Helsinki-NLP / OpusFilter

OpusFilter - Parallel corpus processing toolkit
MIT License
101 stars 18 forks source link

Additional filter suggestion: remove lines with repeated content #8

Closed yvesscherrer closed 2 years ago

yvesscherrer commented 3 years ago

Not sure how useful this is, but this is an idea that came to mind when filtering backtranslations.

Sentences like the following are probably low-quality and should be removed: Ahora bien, el que quiera ser el primero entre ustedes deberá ser su servidor, diferentes plantas para ser un buen pescador y un buen pescador para ser un buen pescador y un buen pescador para ser un buen pescador y un buen pescador para ser un buen pescador

Parameters would be:

radinplaid commented 2 years ago

I have made a prototype that seems to work well in practice:

import math

def find_repeats(x, lengths_to_check = [1,2,3,4], min_repeat_length=3):
    """
    Identifies repeated phrases, for use in identifying stuttering in NMT output

    Arguments:
    x (str, list(str), required) -- input to search for repeats in
    lengths_to_check (list(int), int, default [1,2,3,4]) -- length of sequence of tokens to search for
    min_repeat_length (int, default 3) -- minimum number of times the repeat must occur
    """
    # Input validation
    if isinstance(x, str):
        # x is not tokenized; tokenize by space
        x_split = x.split()
    elif isinstance(x, list):
        # x is already tokenized
        x_split = x
    else:
        raise TypeError("Input must be str or list(str)")

    # If lengths_to_check is an int, make it a list so it can be iterated over
    if isinstance(lengths_to_check, int):
        lengths_to_check = [lengths_to_check]

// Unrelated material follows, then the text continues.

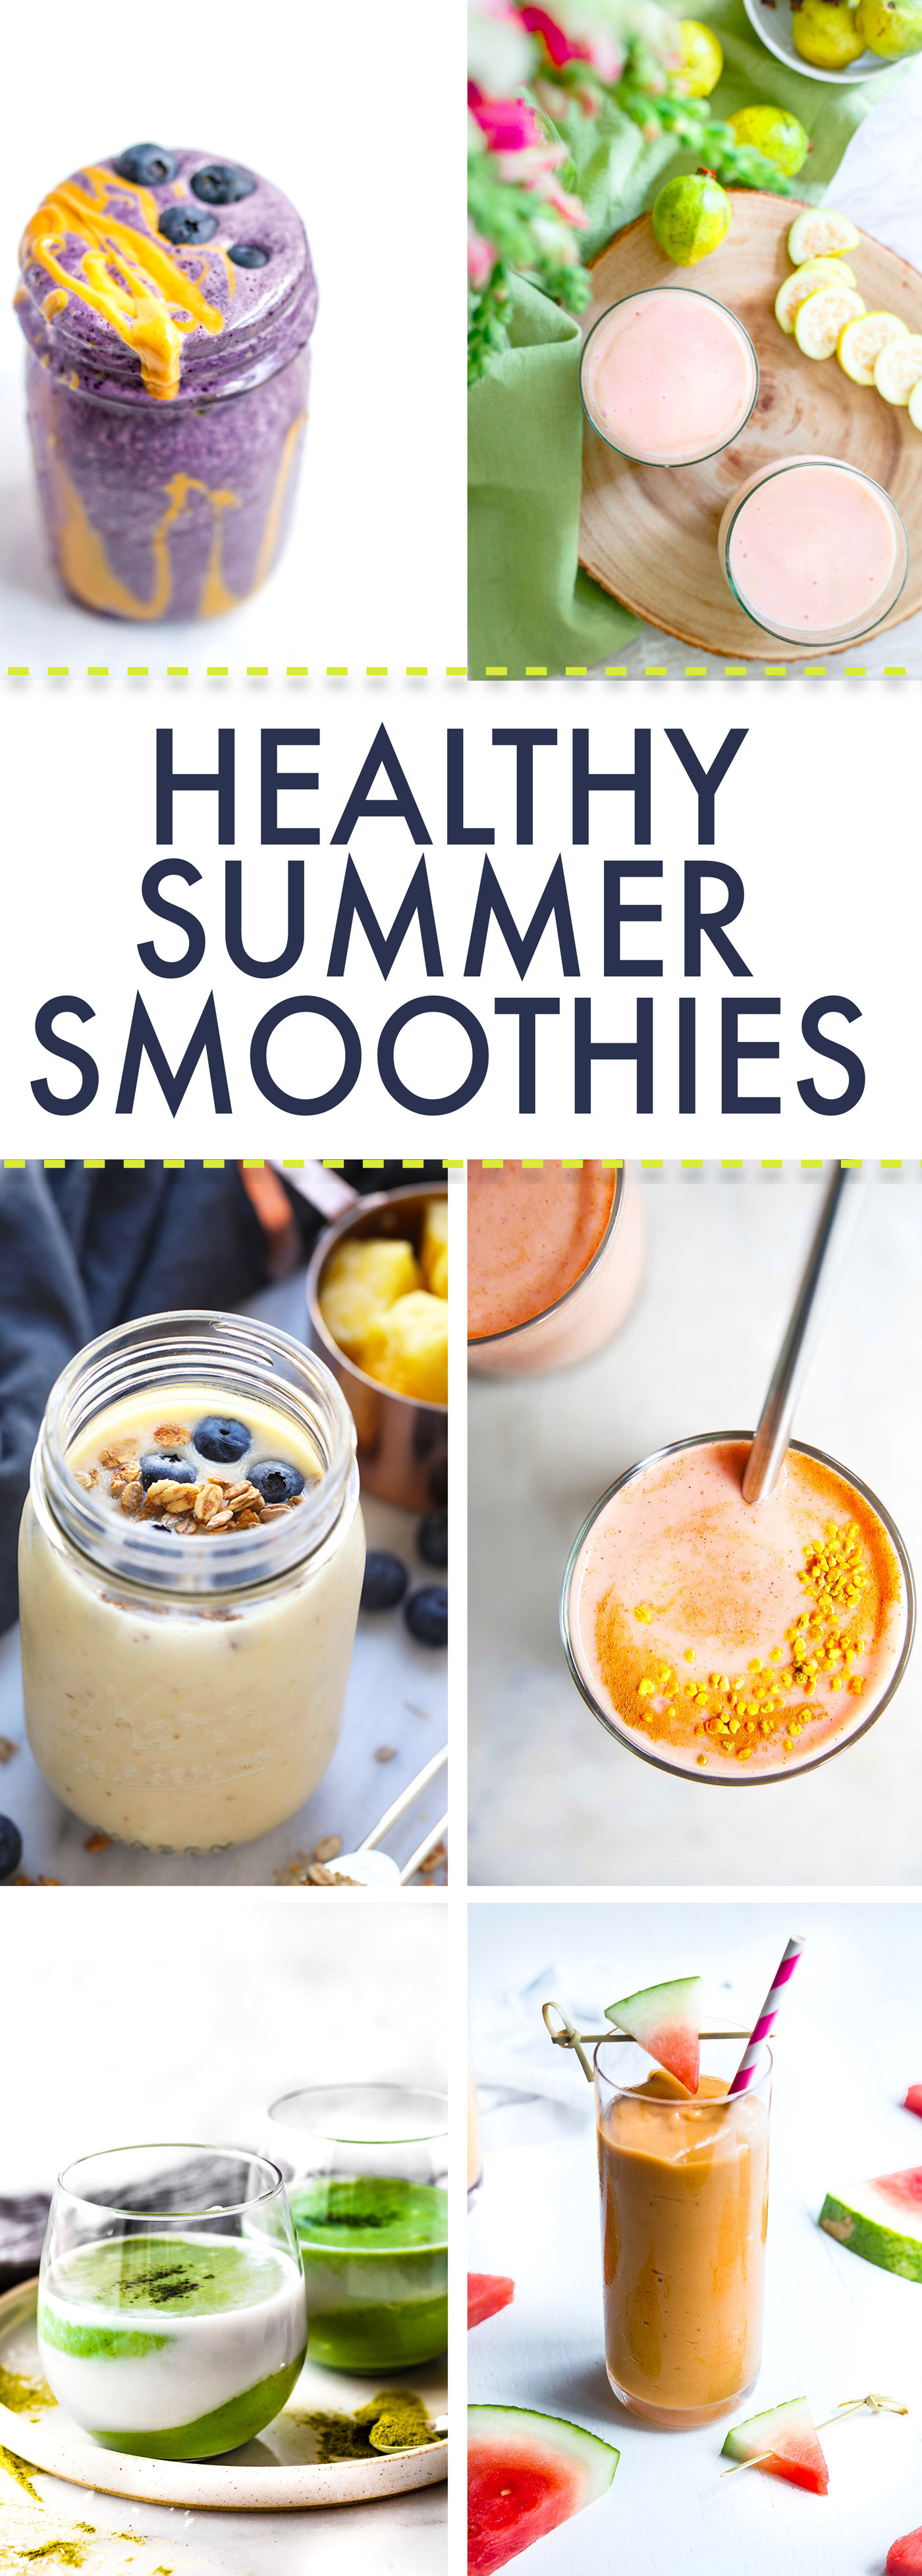 Healthy Summer Smoothies  Creamy Coconut Spirulina Superfood Smoothie Recipe

    # Loop over each token in the string, from left to right
    for ind in range(len(x_split)):
        # Check for phrase repeats of length i for i in lengths_to_check
        for phrase_len in lengths_to_check:
            if ind+phrase_len < len(x_split):
                if x_split[ind:(ind+phrase_len)] == x_split[(ind+phrase_len):(ind+2*phrase_len)]:
                    # We have a match - check to see how many times it repeats
                    num_repeats = 1
                    found_match=True
                    match_idx = ind+phrase_len
                    while found_match:
                        if x_split[ind:(ind+phrase_len)] == x_split[match_idx:(match_idx+phrase_len)]:
                            num_repeats+=1
                            match_idx+=phrase_len
                        else:
                            found_match=False
                    # Return once a single match that is long enough is found; do not find all matches
                    if num_repeats >= min_repeat_length:
                        return {"match":' '.join(x_split[ind:(ind+phrase_len)]),"num_repeats":num_repeats, "repeat_length":phrase_len}

    # No matches were found
    return None

> find_repeats("Ahora bien, el que quiera ser el primero entre ustedes deberá ser su servidor, diferentes plantas para ser un buen pescador y un buen pescador para ser un buen pescador y un buen pescador para ser un buen pescador y un buen pescador para ser un buen pescador", lengths_to_check = [1,2,3,4,5,6,7,8,9,10])

>>> {'match': 'para ser un buen pescador y un buen pescador',
 'num_repeats': 3,
 'repeat_length': 9}

Should I modify it to be an OpusFilter filter and submit a pull request ?

svirpioj commented 2 years ago

Thanks! I had some extra backtranslated data from Yves to test this, and indeed it seems to be working nicely (at least with good precision, recall is of course more difficult to estimate). Found 4778 matches from 164725 segments.

So sure, go on and create a PR! (Some instructions here.) I can also help, but better you make at least the first commit so you get the credit :slightly_smiling_face:

svirpioj commented 2 years ago

I made a bit different solution in #35. Dunno if it's better than the above, but at least required less code, and should work directly with languages without marked word boundaries.